When it comes to machine learning classification algorithms, tree based methods tend to be among the most powerful. Not only do they tend to produce very accurate models, but they are quite easy to interpret. You can think of each branch of the decision tree representing a question, the answer to which tells you which direction to move. This is akin to medical diagnosis -- if white blood cell count is larger than x, then...
Tree methods do not come without their shortfalls however as they are quite susceptible to overfitting. In this exercise, we'll first take a look at a single decision tree, and then expand the concept more broadly to an ensemble of trees.
Our basic building block here is going to be the decision tree. As discussed above, decision trees are somewhat modeled after the way a doctor diagnoses a disease in a patient. This leads to a model that is both easy to interpret and tends to perform well. In this exercise, we'll take a look at the Breast Cancer data set and fit a decision tree model.

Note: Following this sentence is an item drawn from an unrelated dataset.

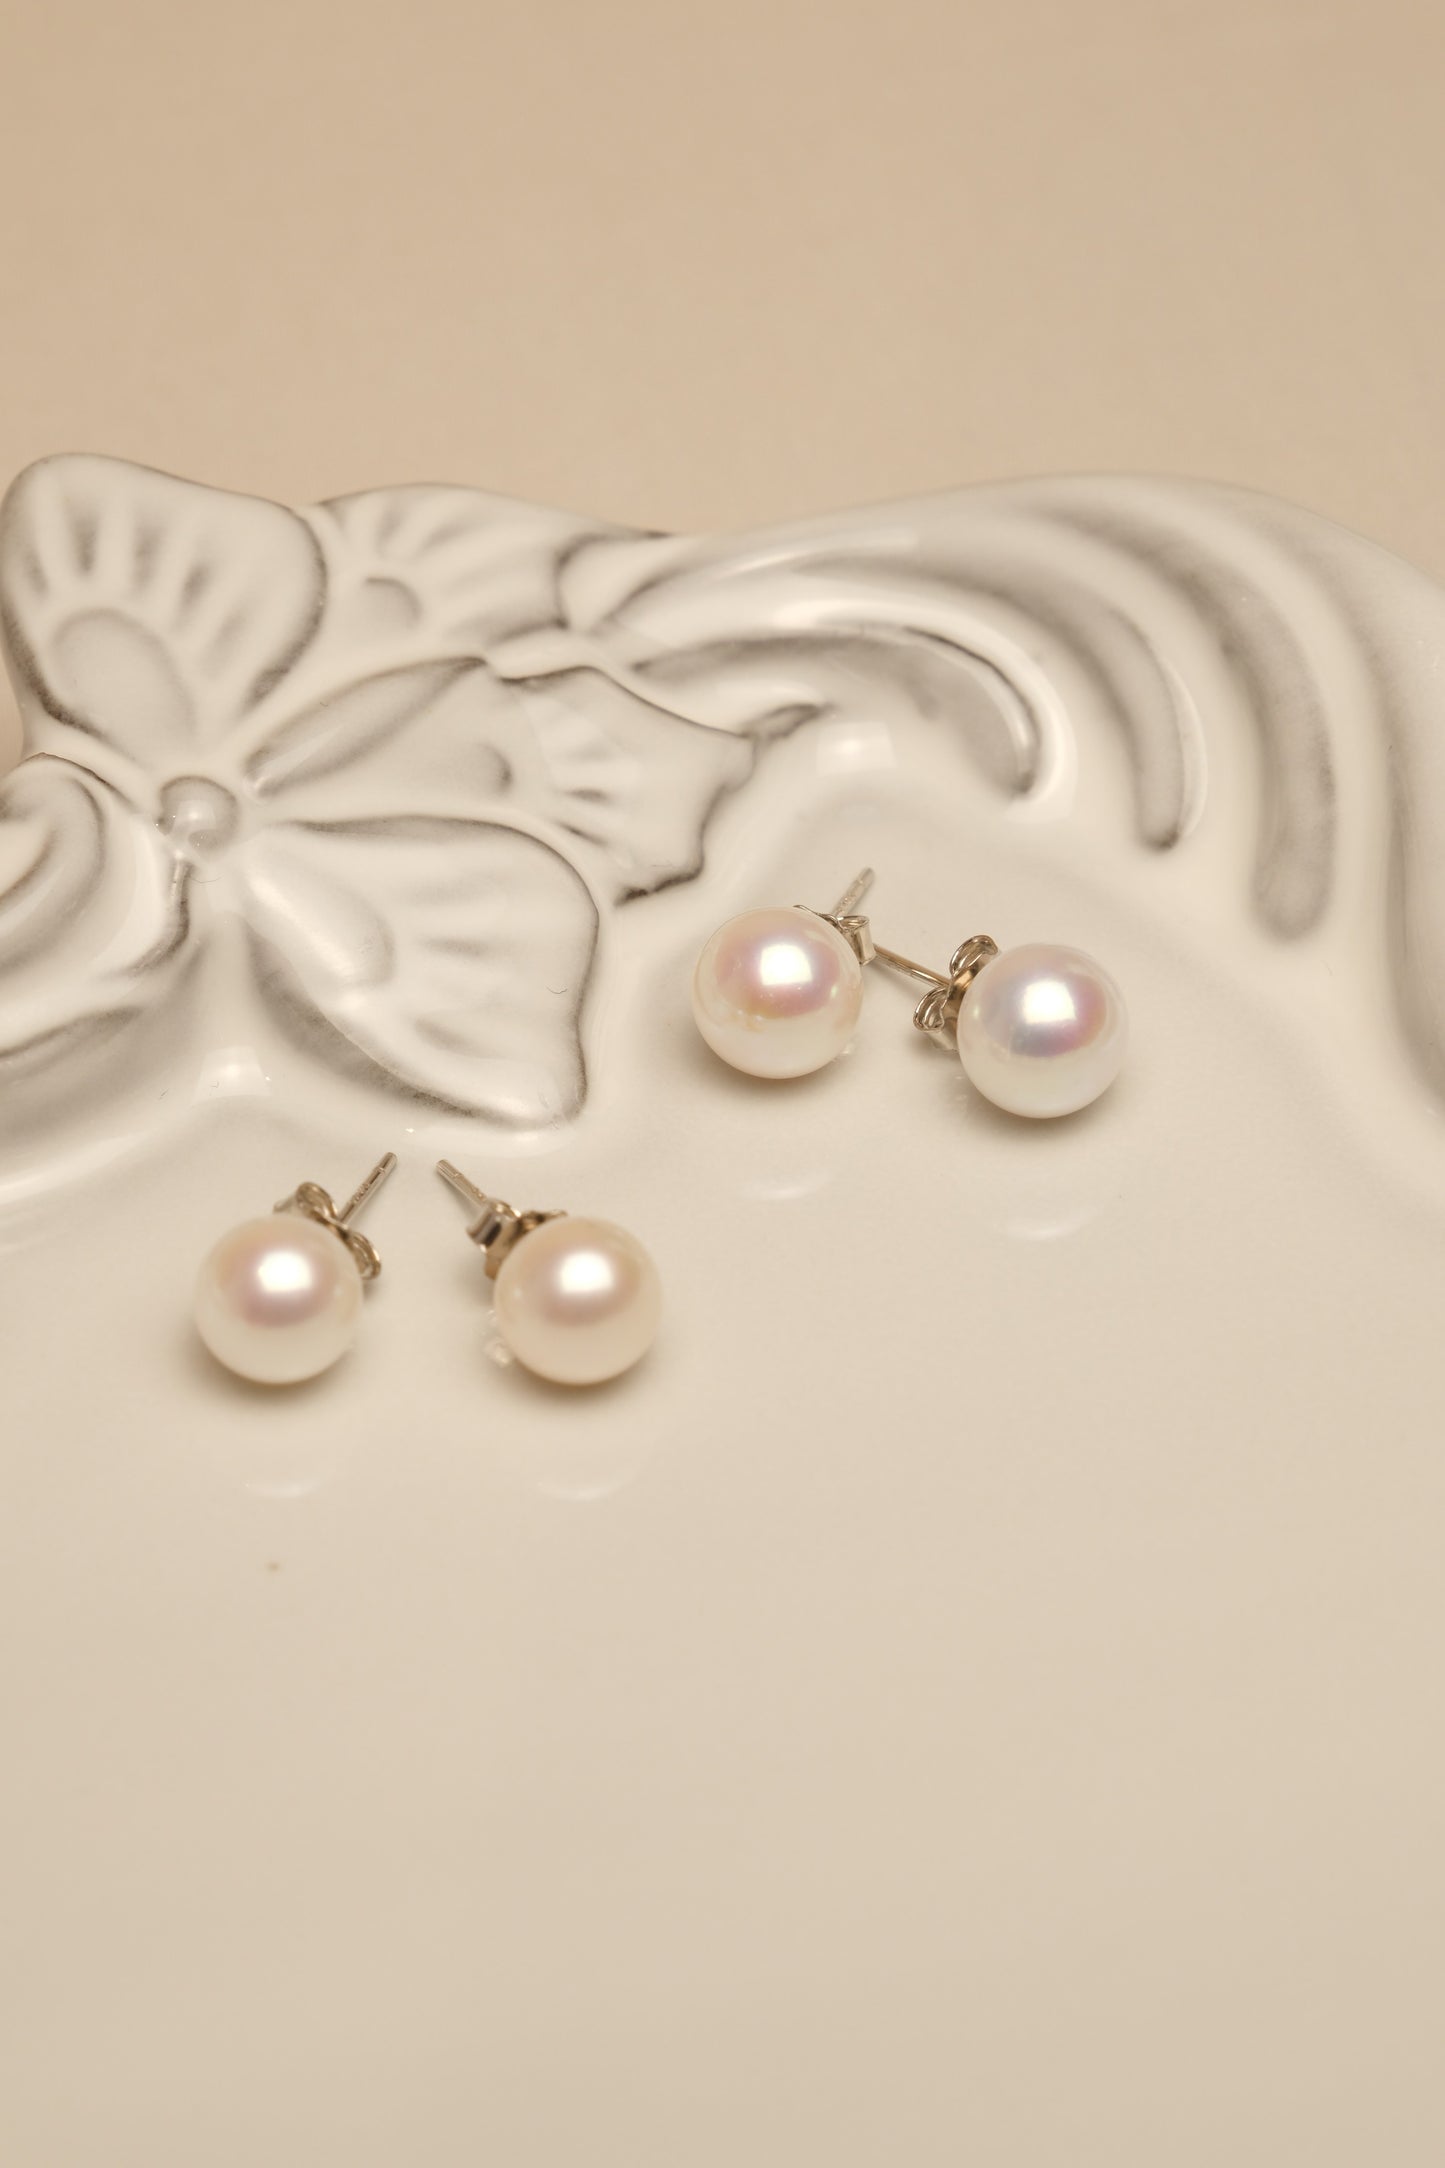 The Pearl Stud Earrings - Round shape

1 - Head over to the Machine Learning Repository, download the Breast Cancer Wisconsin, put it into a dataframe, and split into training and test sets. Be sure to familiarize yourself with the data before proceeding.
In [1]:
import pandas as pd
import numpy as np
In [2]:
bcw = pd.read_csv('http://archive.ics.uci.edu/ml/machine-learning-databases/breast-cancer-wisconsin/breast-cancer-wisconsin.data',
header=None)
bcw.columns = ['id', 'thickness', 'cell_size', 'cell_shape', 'adhesion', 'single_cell_size',
'bare_nuclei', 'chromatin', 'normal_nucleoli', 'mitoses', 'class']
In [3]:
bcw.head()
Out[3]:
In [4]:
bcw.info()
In [5]:
bcw.describe().T
Out[5]:
There are some non numerical values in the bare_nuclei
column, let's take a look and fix them:
In [6]:
print(bcw.bare_nuclei.unique())
bcw.bare_nuclei = bcw.bare_nuclei.apply(lambda x: int(x) if x != '?' else np.nan)
Let's also look at how the two classes are distributed:
In [7]:
bcw['class'].value_counts()
Out[7]:
Finally we drop the rows with nas and split the data in train and test:
In [8]:
from sklearn.model_selection import train_test_split
In [9]:
bcw = bcw.dropna()
bcw_train, bcw_test, bcw_target_train, bcw_target_test = train_test_split(bcw.drop(['id', 'class'], axis=1), bcw.loc[:, 'class'], test_size=0.3, random_state=57)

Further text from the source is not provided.